Одна за другой к нам присоединялись остальные камеры.
Тут прибежал начальник тюрьмы, за ним - прокурор.
- Никто Казачкова не бил! - пытались они успокоить возмущенных узников. - Это провокация!
- Вызовите врача! - требовали мы.- Покажите нам Казачкова!
- Не видим никаких оснований.
Тут надо сказать, что побои в тюрьме - дело обычное, бытовиков надзиратели и офицеры бьют очень часто. Не раз из противоположного конца коридора до нас доносились крики истязаемых, протесты их соседей, ругань; мы вызывали прокурора, но "факты не подтверждались" - ведь нам не были известны ни фамилии пострадавших, ни номера их камер. Особенно любил мордовать людей сам "кум" - заместитель начальника тюрьмы по режимно-оперативной работе Николаев, постоянно ходивший в белых перчатках. Когда я попал в Чистополь по второму разу, в восемьдесят первом году, то узнал, что этот садист повесился с перепоя, - большой тогда праздник был у зеков!
Нас же, политиков, тюремщики не трогали, хотя удержаться от такого соблазна им было наверняка нелегко: ведь приходя к нам из другого конца коридора, где они только что орудовали кулаком и дубинкой, надзирателям приходилось переключаться на человеческий язык, забывать о мате и обращаться к нам на "вы". Иногда они все же срывались, но быстро спохватывались и извинялись. Мы прекрасно понимали: если хоть раз позволим им переступить черту и ударить политика - статус-кво невозможно будет восстановить. Такое нельзя оставить безнаказанным.
Мы с Викторасом связываемся с соседними камерами, предлагаем начать через три дня голодовку солидарности с Казачковым, требуя приезда прокурора из Москвы.
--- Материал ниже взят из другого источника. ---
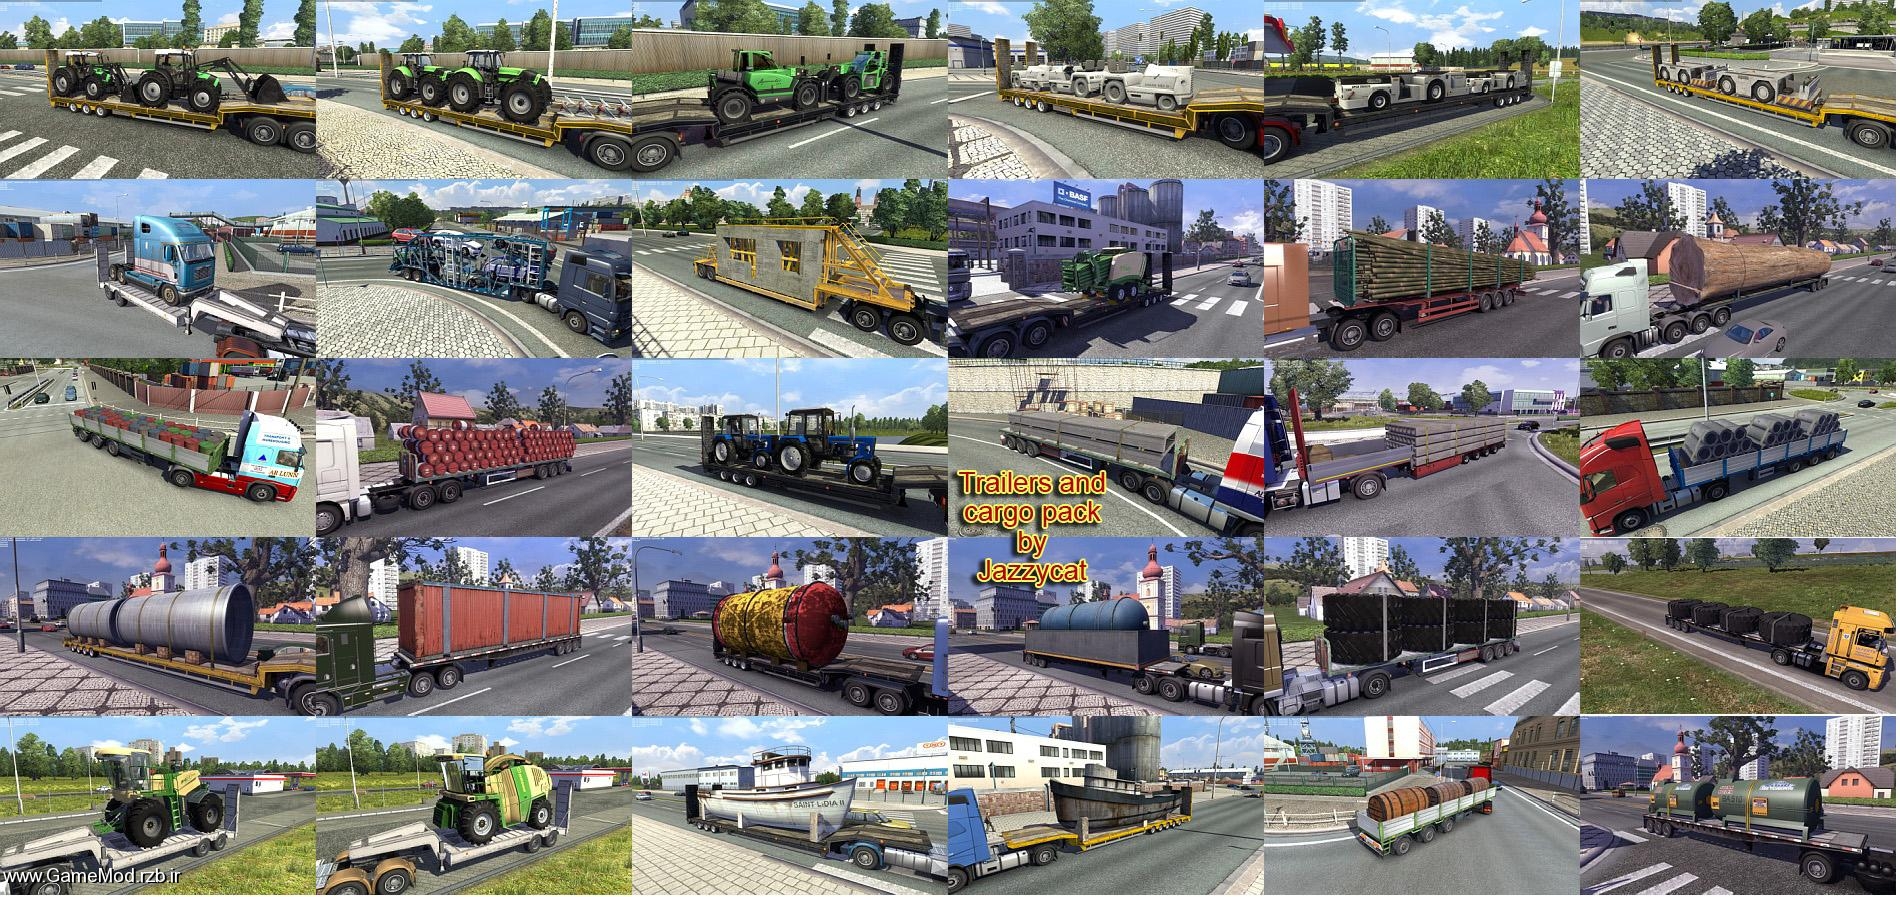 trailers-and-cargo-pack-by-jazzycat-v2-6_1.jpg (1900×897)

Три дня необходимы для того, чтобы успеть оповестить все камеры.
Проблема с Менделевичем: он сидит сейчас в самом начале коридора, следующая за ним камера пустует, и связаться с Иосифом напрямую - через унитаз или по батарее, приставив к ней кружку, - невозможно. Приходится готовить записку, чтобы перебросить ее ему во время прогулки, - способ рискованный. Сажусь за стол - и тут мне приходит в голову, что сегодня суббота; я вспоминаю, как расстроен был Иосиф, когда однажды я нарушил запрет писать в этот день, и решаю подождать до завтра.
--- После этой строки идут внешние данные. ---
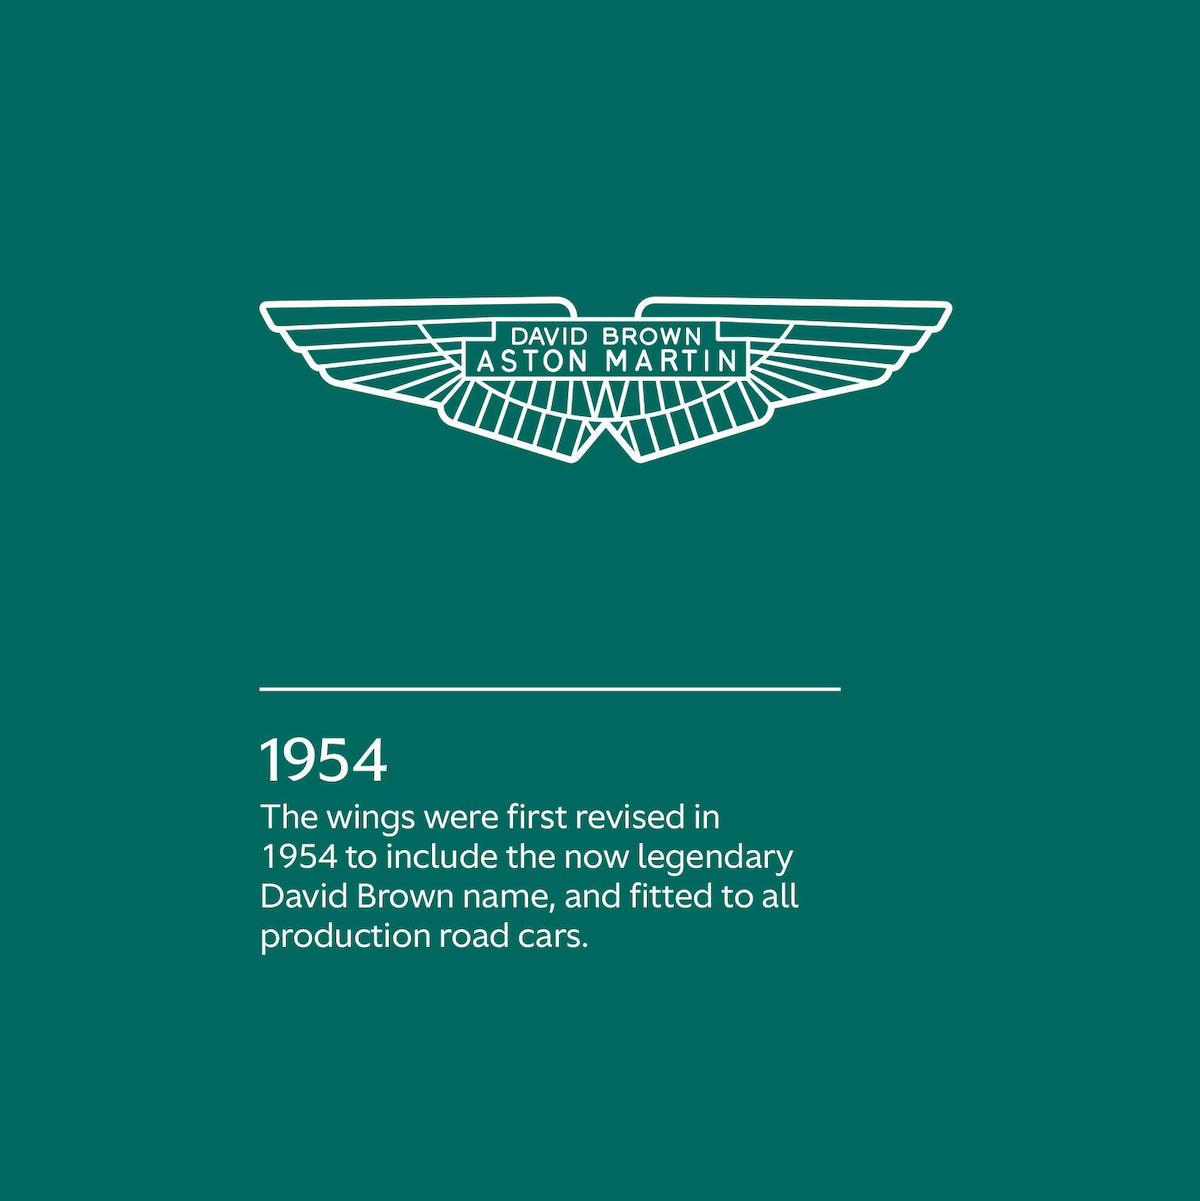 The 1954 version of the Aston Martin wings logo

- А если война? - негодует Викторас. - Что же, и воевать в субботу не будете?
- Воевать будем. А сейчас можно и подождать - ведь у нас в запасе еще два дня, - отвечаю ему хладнокровно.
- А вдруг завтра что-то сорвется? Разве можно рисковать?
- Не сорвется, - успокаиваю я соседа, хотя особой уверенности в этом у меня нет.